Please set down the data again exactly, minus the pictures.

[Provided material]:
=====
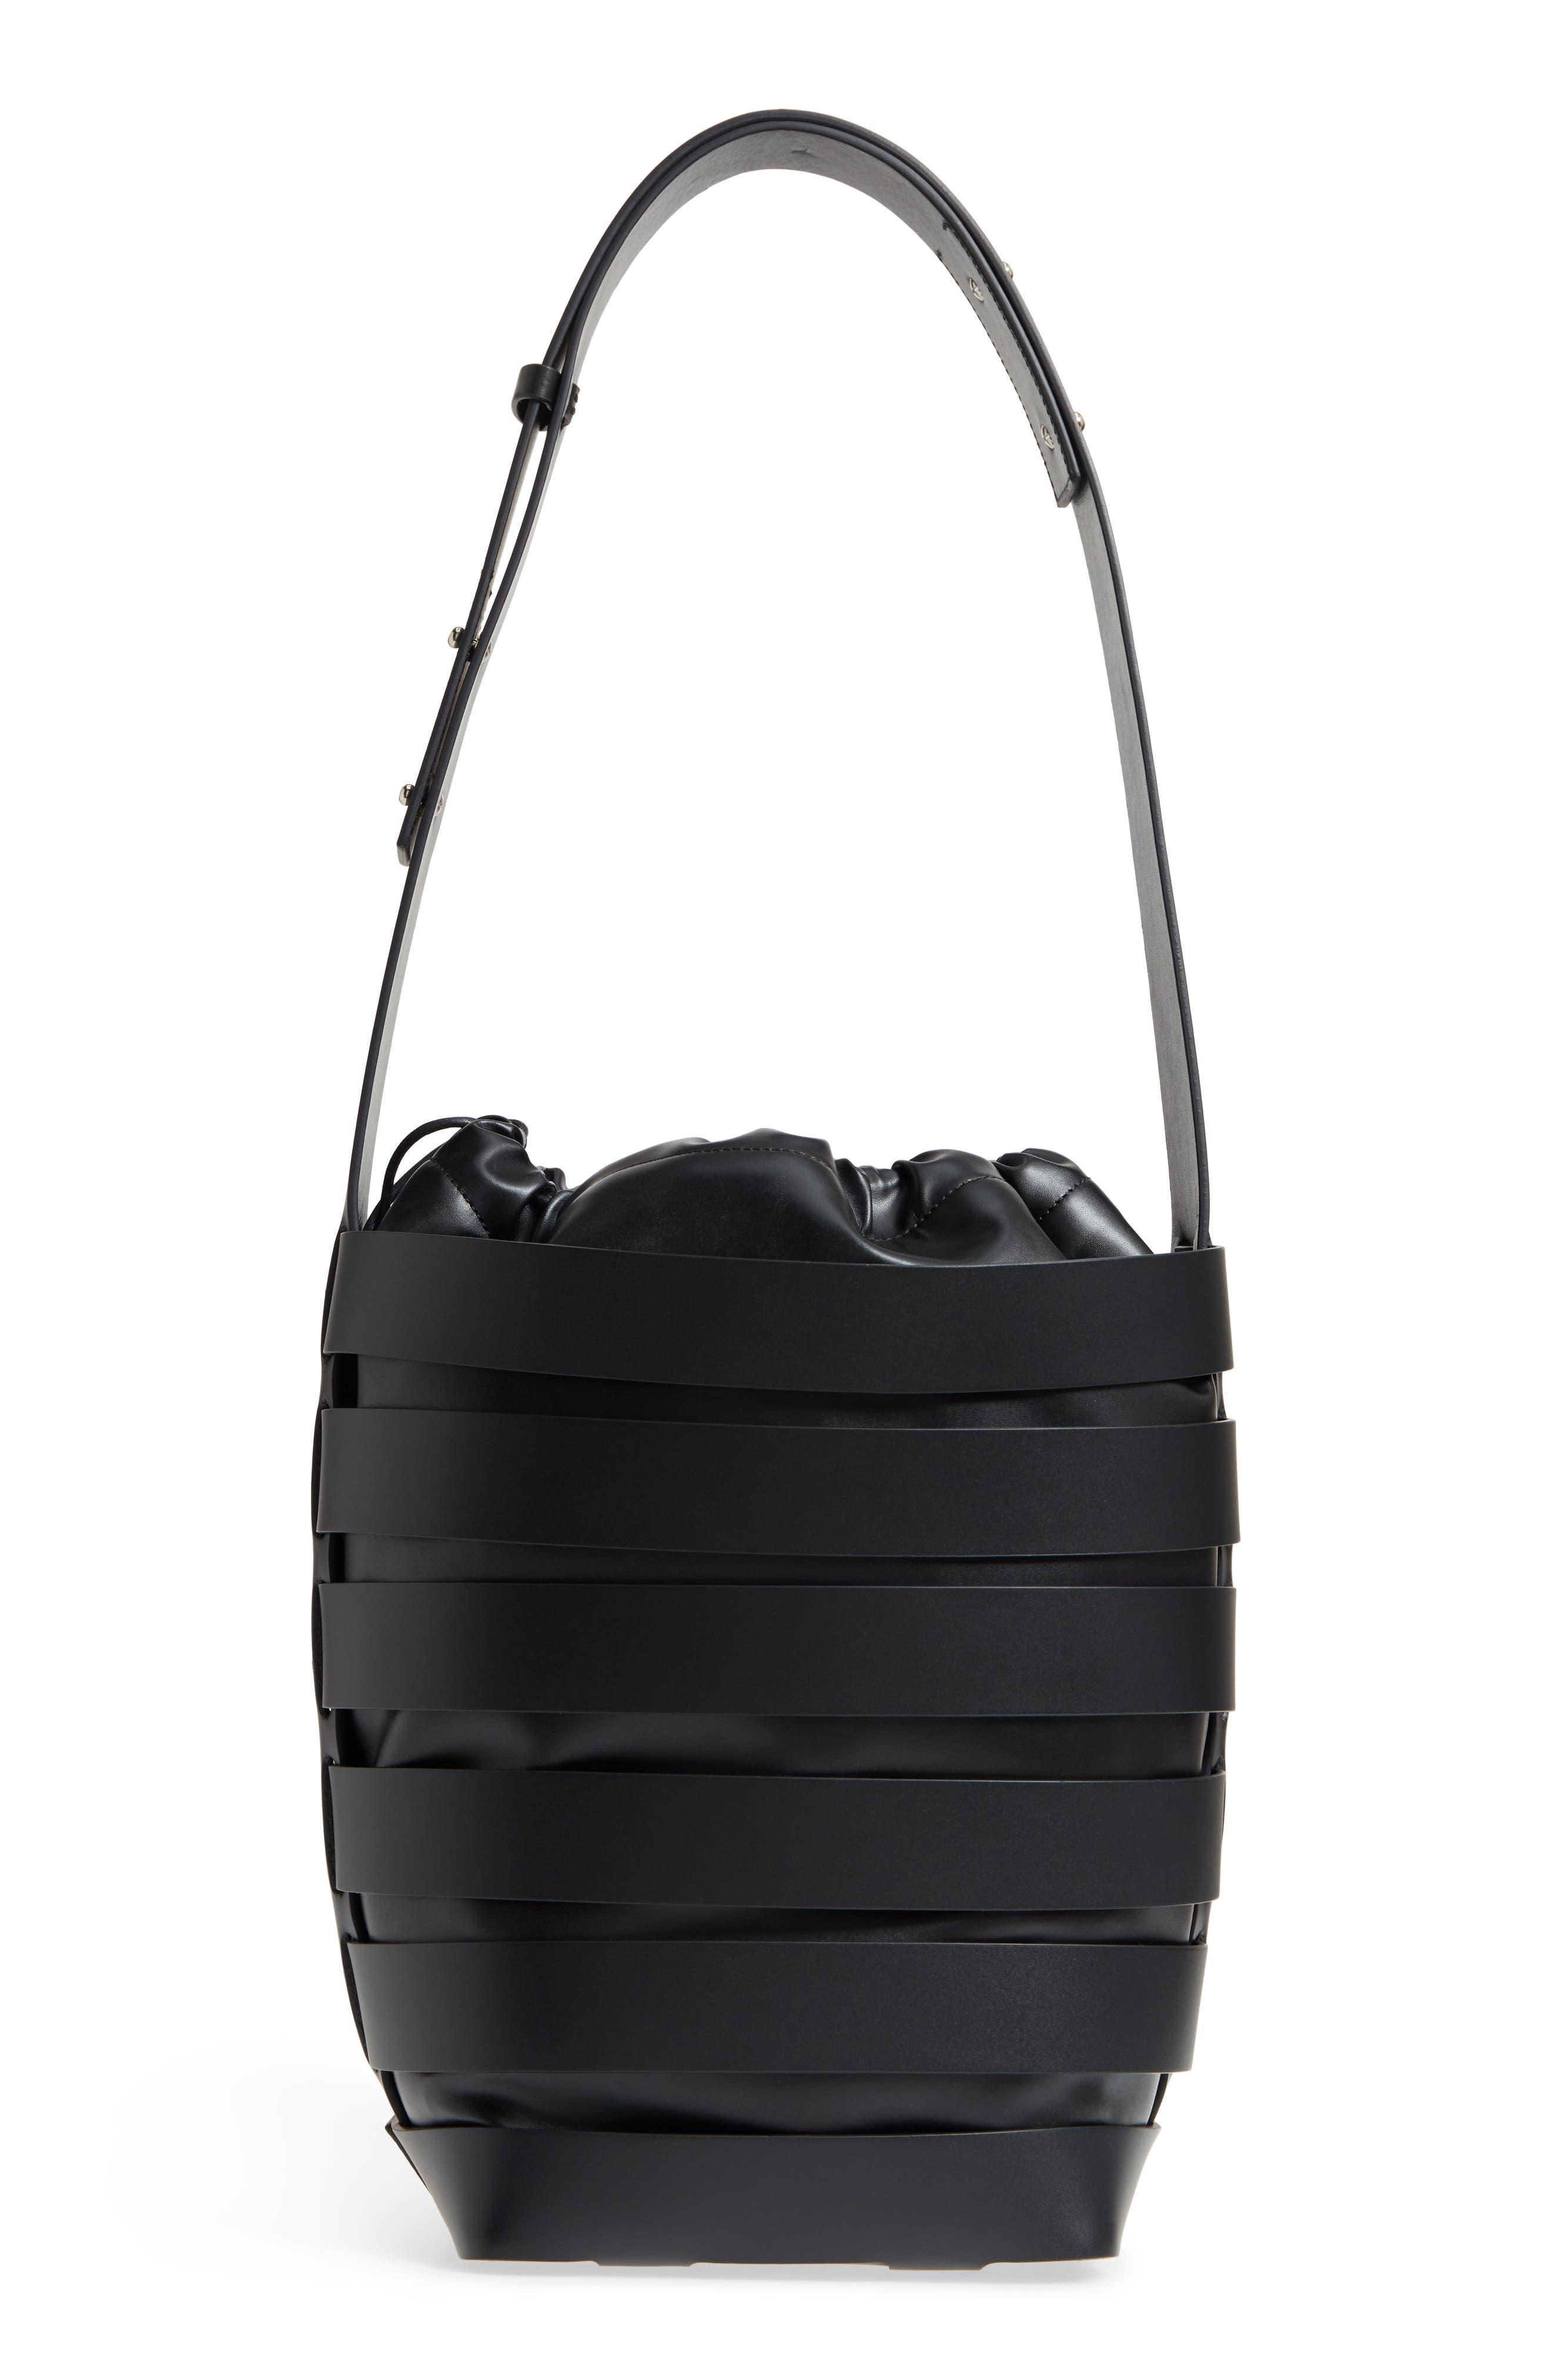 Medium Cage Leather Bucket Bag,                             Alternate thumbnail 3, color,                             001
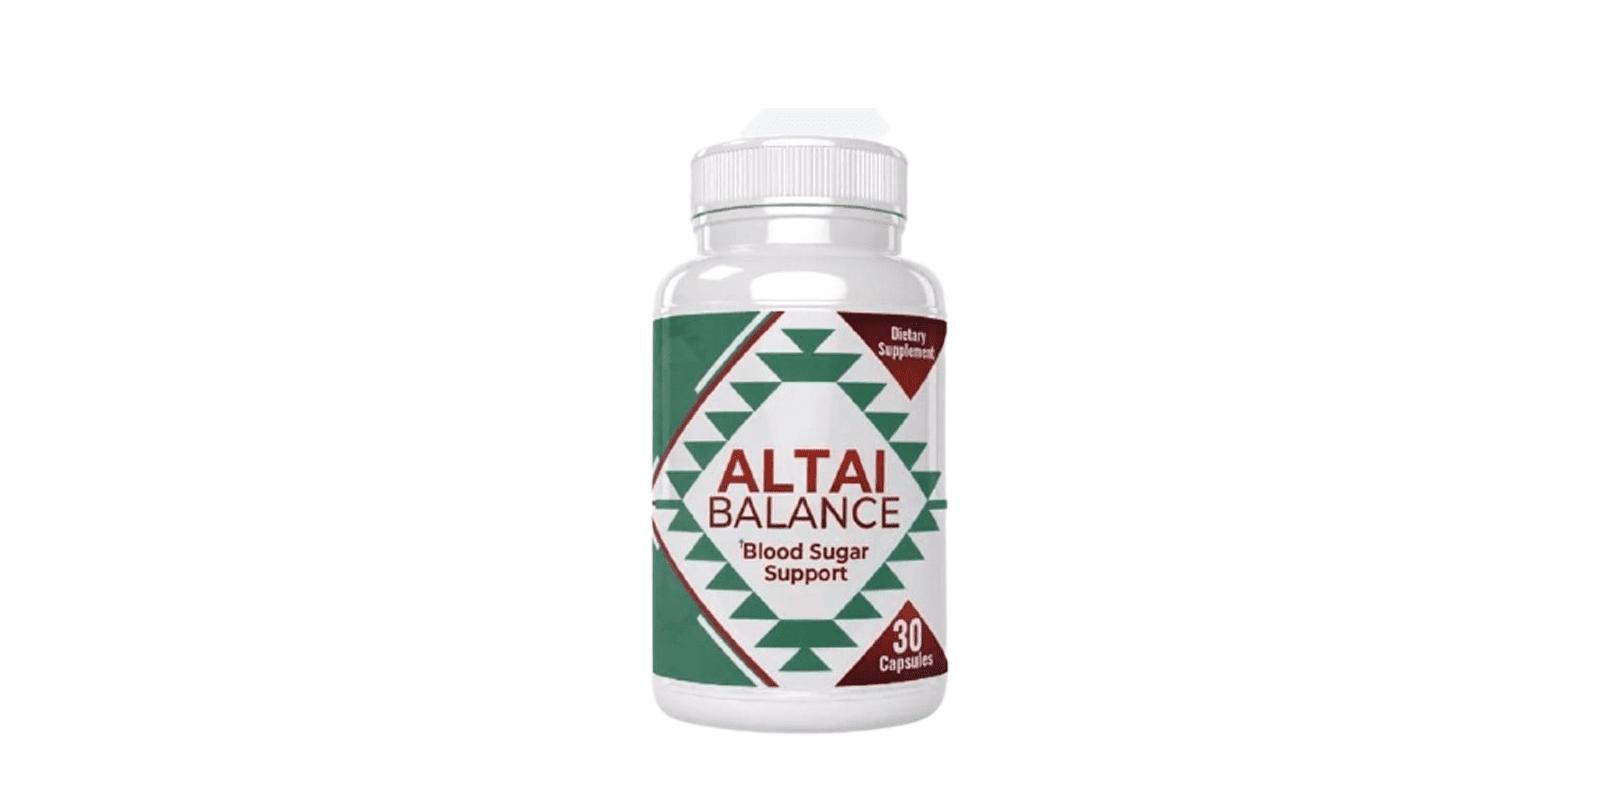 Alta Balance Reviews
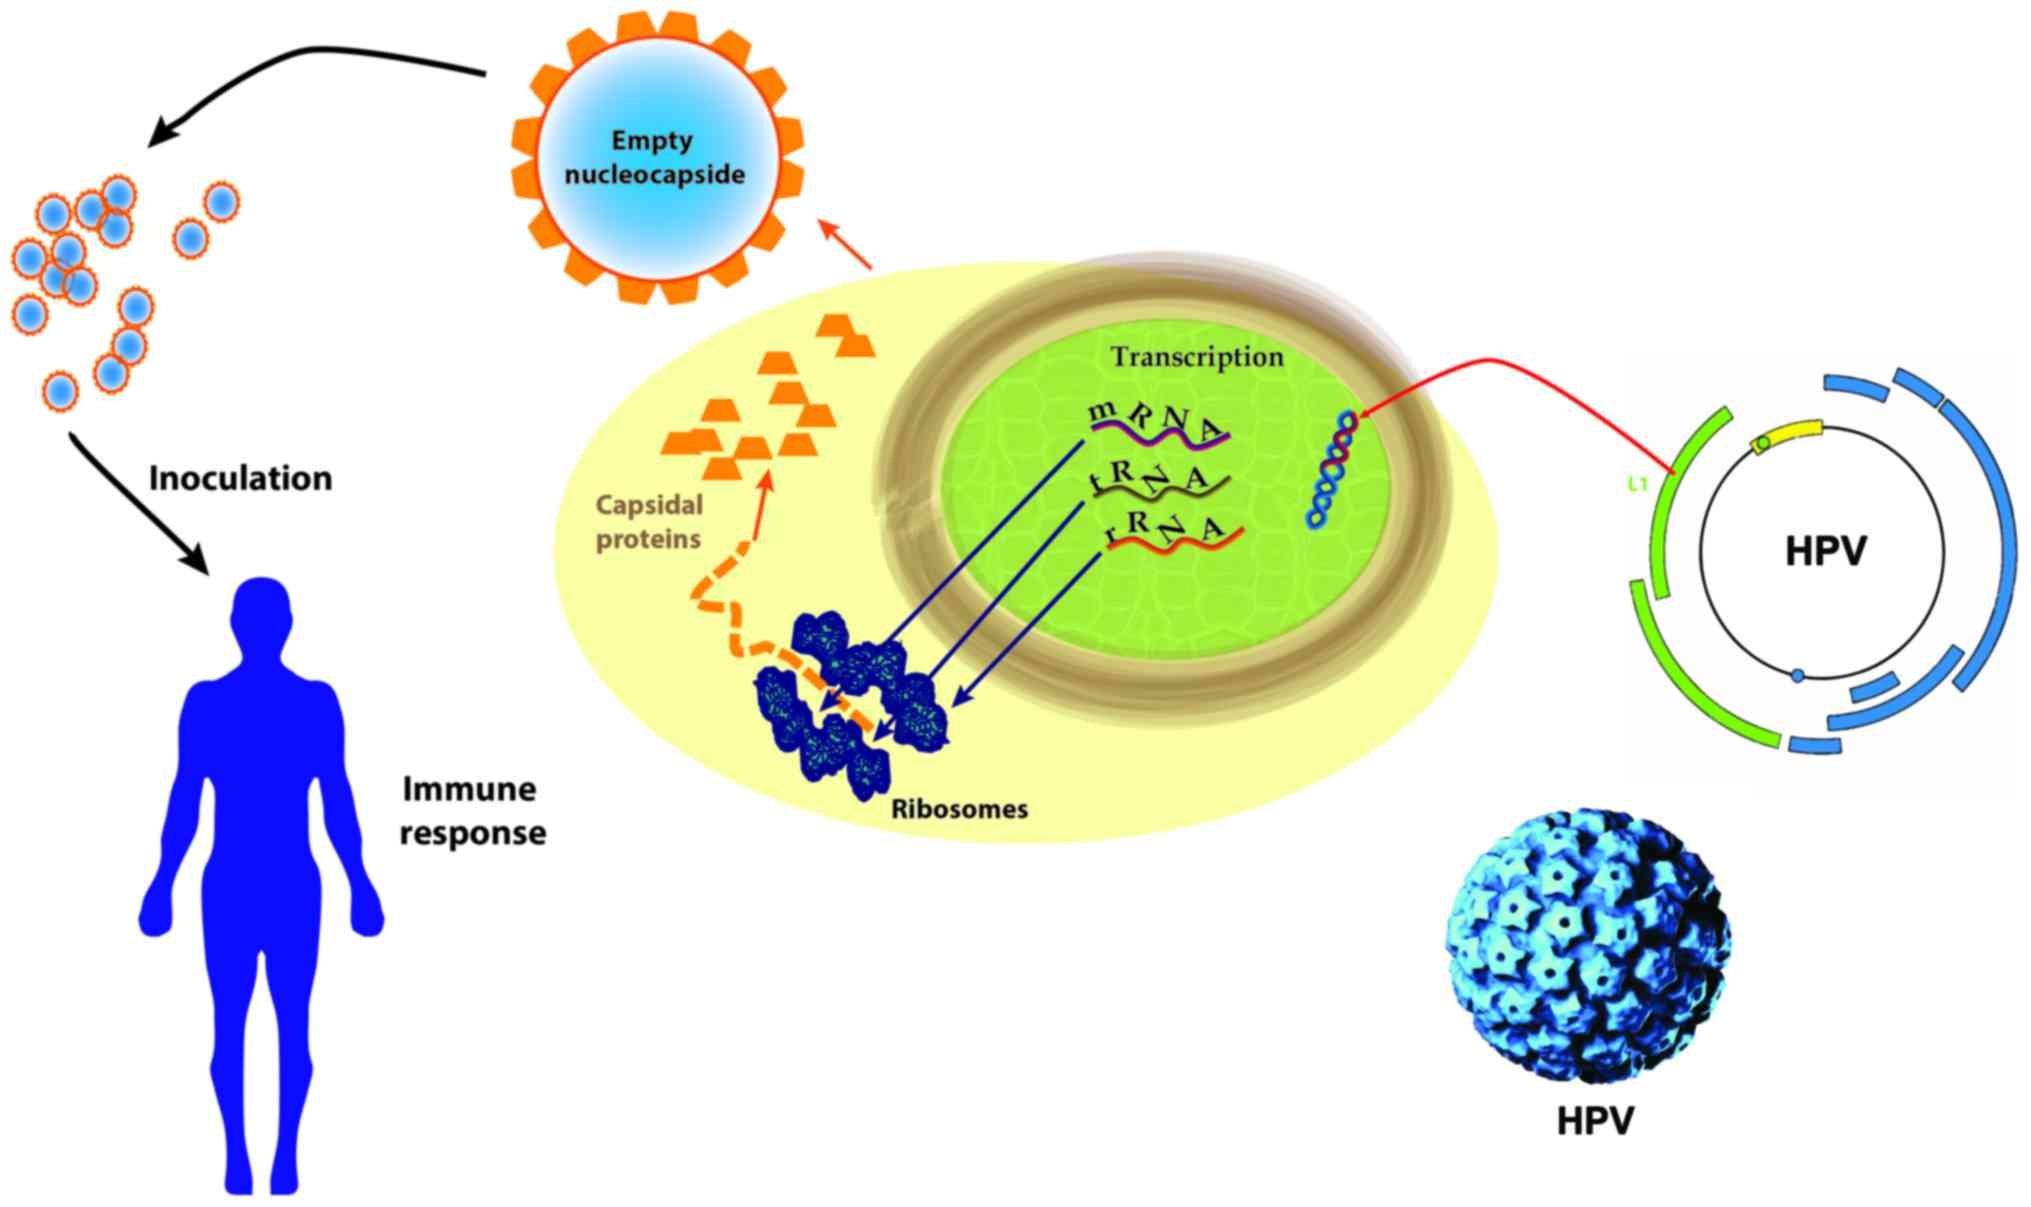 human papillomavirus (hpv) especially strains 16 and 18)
=====
[Problem solution]:
 Medium Cage Leather Bucket Bag,                             Alternate thumbnail 3, color,                             001
 Alta Balance Reviews
 human papillomavirus (hpv) especially strains 16 and 18)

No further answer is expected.